Of course, Shakespeare is right, as he always is--but gilding lilies is often irresistible. Just consider tequila. To get tequila you must take a lily--and a lily is exactly what the blue agave Tequilana Weber is--then let it grow for eight or more years in the silicate-rich, volcanic soil of the Mexican state of Jalisco. During those eight years, constantly trim back the plant's spiky leaves, so that the central bulbous core, the piña, gets bigger and bigger. When the piña gets to looking like a giant 100 pound green pinecone, uproot it, carry it off, and bake it in a giant kiln, which converts the piña starches into sugars. Extract these lily sugars, ferment them, distill them twice, and you've certainly earned all the tequila that you'll end up with.
Then again, if you're strapped for time, you could just zip by the Alamo Grill for a few shots on your way out of Bloomingdale's. They've got an impressive variety, including the top-shelf Porfidio single and triple barrels, Sauza Conmemorativo, El Tesoro de Don Felipe, Patron Silver and Gold, Chinaco, and Jose Cuervo's Reserva de la Familia. These are tequilas that are created with as much care as a single malt scotch is, from 100 percent blue agave, and some, like the Sauza Conmemorativo, Cuervo Reserva, and Patron Gold, are aged like whiskey or brandy, in charred oak casks for at least three years. The Cuervo Reserva is a real eye opener--it's smooth and mellow like a fine brandy or whiskey, but with tastes that are unlike anything else I've ever had. It's oaky, it's smoky, and then it's even sort of ghosty--evanescent where brandy is ripe, and dry and fleeting where whiskey is rich. If you've never had one of these premium tequilas you owe it to yourself to try one--they're as different from ordinary tequila as a chocolate soufflé is from an M&M. (The prices echo the M&M/souffle dichotomy--at the Alamo you'll pay $10 for a generous shot of Cuervo Reserva or Patron Gold.)
If you're feeling less epicurean and more Love Boat, the Alamo's cantaloupe-sized margaritas made with Cuervo Gold and triple sec ($6.25) are as festive and powerful as all get out. (Don't be fooled by the giant bins of limes behind the bar; you can't get a fresh lime-juice margarita here, or, as far as I can tell, anywhere in Minnesota. A handful of other restaurants--Table of Contents II, the St. Paul Grill, Campiello, the Dakota--have nice premium tequila selections. I think that if we mount a campaign asking for fresh lime-juice margaritas at these places we might just get one.) Other margaritas, like the blue one ($5.75) or the spicy one ($6.50), are tasty, and are guaranteed to make you look like the life of the party. Of all the things the Alamo does very well the drinks are premiere. Even the nonalcoholic ones are pretty great--particularly their fruity lemonade ($1.95), the light and nontannic "China Mist" ice tea ($1.75), and the big, kid-pleasing hot chocolate ($1.75).

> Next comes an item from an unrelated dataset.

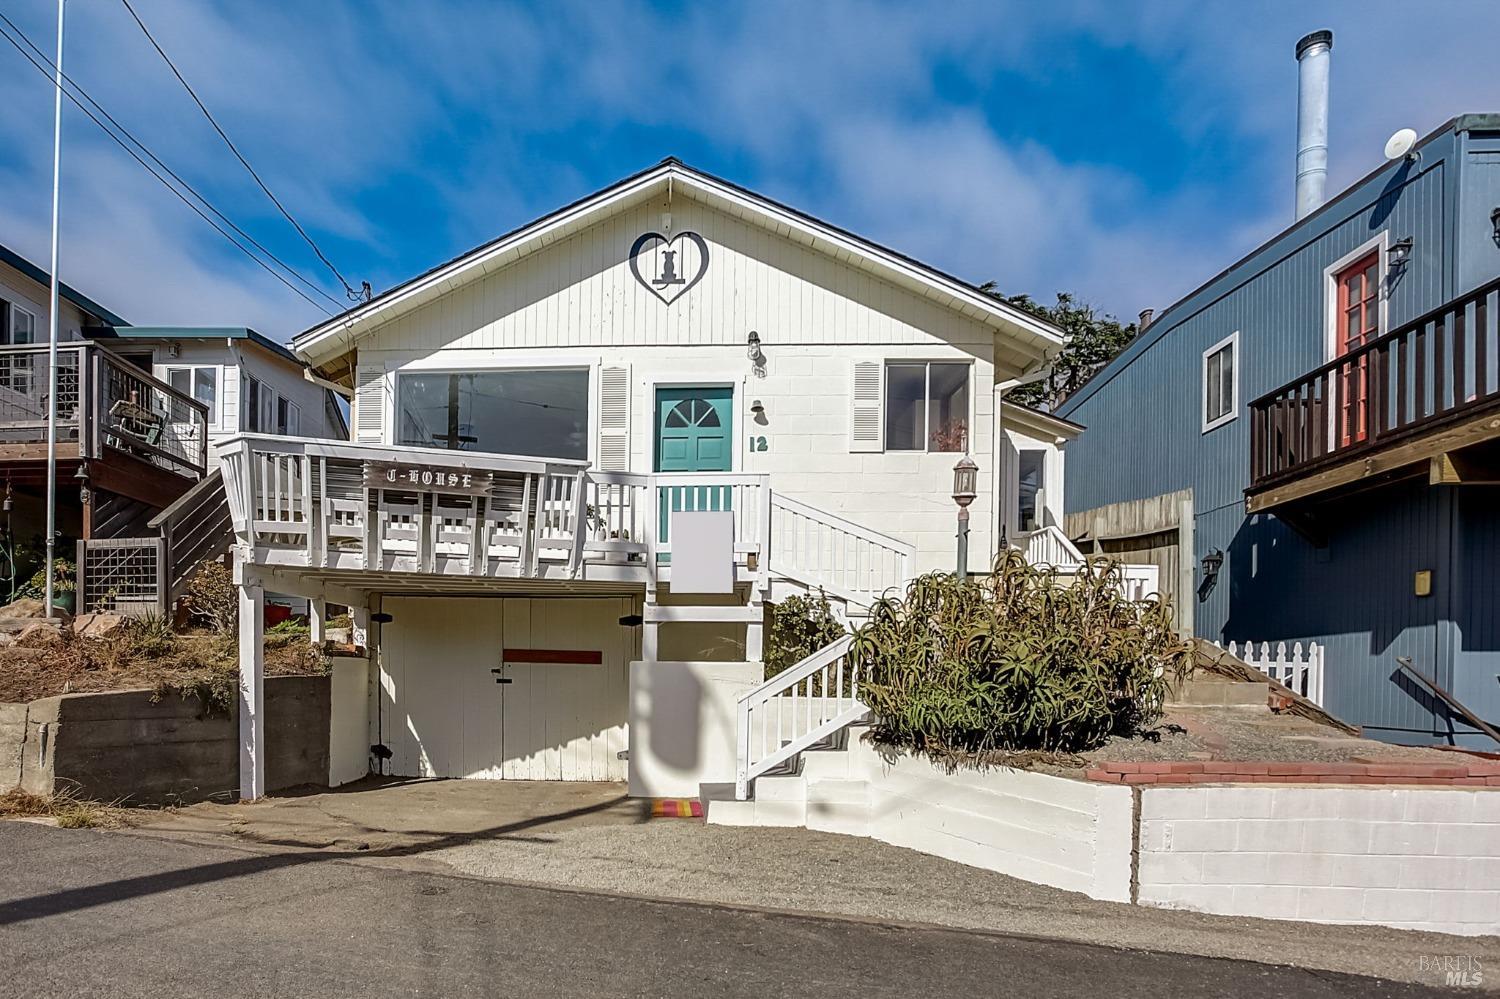 Photo of 12 Ocean View Ave in Dillon Beach, CA

The Alamo's front bar area is filled with giant Southwestern chairs, rough-hewn tables, and TVs. The long bar has a couple of hand-carved wooden stools shaped like horses' butts and legs, and a bartender told me all the stools used to be like that, but we Minnesotans didn't like the possibility of being the butt of jokes, so the Alamo took out most of the stools. (For me, this little anecdote has finally illuminated the Fargo brou-haha.) The Alamo is a Texas-based chain, and apparently Texans are a little more comfortable with being made fun of--or maybe it's just not an issue down there, with all the concealed weapons.

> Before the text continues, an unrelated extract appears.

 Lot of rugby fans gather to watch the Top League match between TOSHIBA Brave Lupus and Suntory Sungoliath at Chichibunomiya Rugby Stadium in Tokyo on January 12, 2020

Traditional Texas barbecue is what the Alamo does best--and that's a tradition of meat marinated only with a vinegar and spice rub, then slow-cooked all day over a low fire, removed from the bone and served with a more traditional barbecue sauce. If their beef brisket got any more tender or flavorful it would be a cheese ($7.50 for a sandwich, $10.50 for a dinner plate with potato, lackluster cornbread, and beans). Their barbecued pork tenderloin ($7.25 for a sandwich) is also excellent--stringy, moist, savory. They do their steaks very well, preparing them exactly as requested. The Texas T-Bone ($14.95) arrived with a nice grill pattern, which I always think of as the sign of a chef who doesn't muck around, and tasted char-broiled--not merely singed, which is the taste that so many of today's lava-rock gas grills impart. My other favorite Alamo offering was their bread pudding with bourbon sauce. The pudding is definite and stands up to its sauce, and the sauce is sweet, creamy, and has just enough bourbon to give it character.

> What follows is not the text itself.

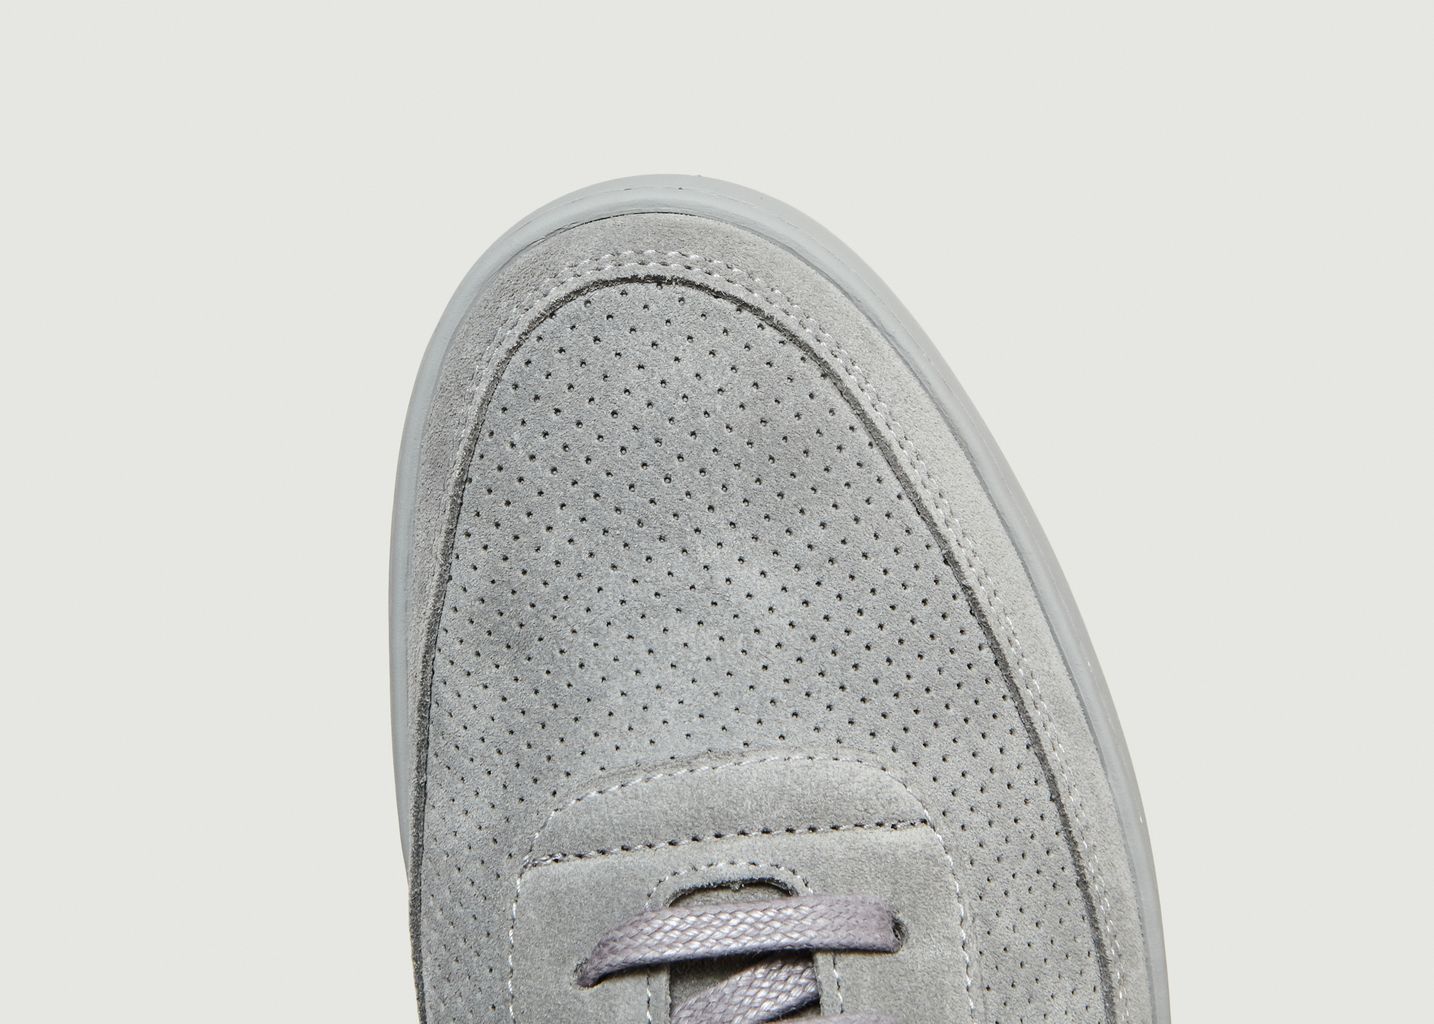 Perforated Trainers - Filling Pieces

On the down side, there's the Alamo's nachos ($6.25). The Alamo describes them as the "best in America!" but they're actually a terrible mess--just a big, bloated, cemented mass of chili, sour cream and cheese trampling down huge defeated wet masses of tri-color chips. (Perhaps the nachos are the kitchen's cleverly coded political statement.) The signature "Boots 'N' Hats" fries (shaped like shoes and caps) were unpleasantly doughy and soft. The chili ($6.95) and the honey-mustard barbecued chicken ($10.95) were both too sugary, and there's something about the presence of (untasted) Fettuccine Alfredo ($10.50) and Caesar Salad ($5.95) on a Texan menu that's unnerving.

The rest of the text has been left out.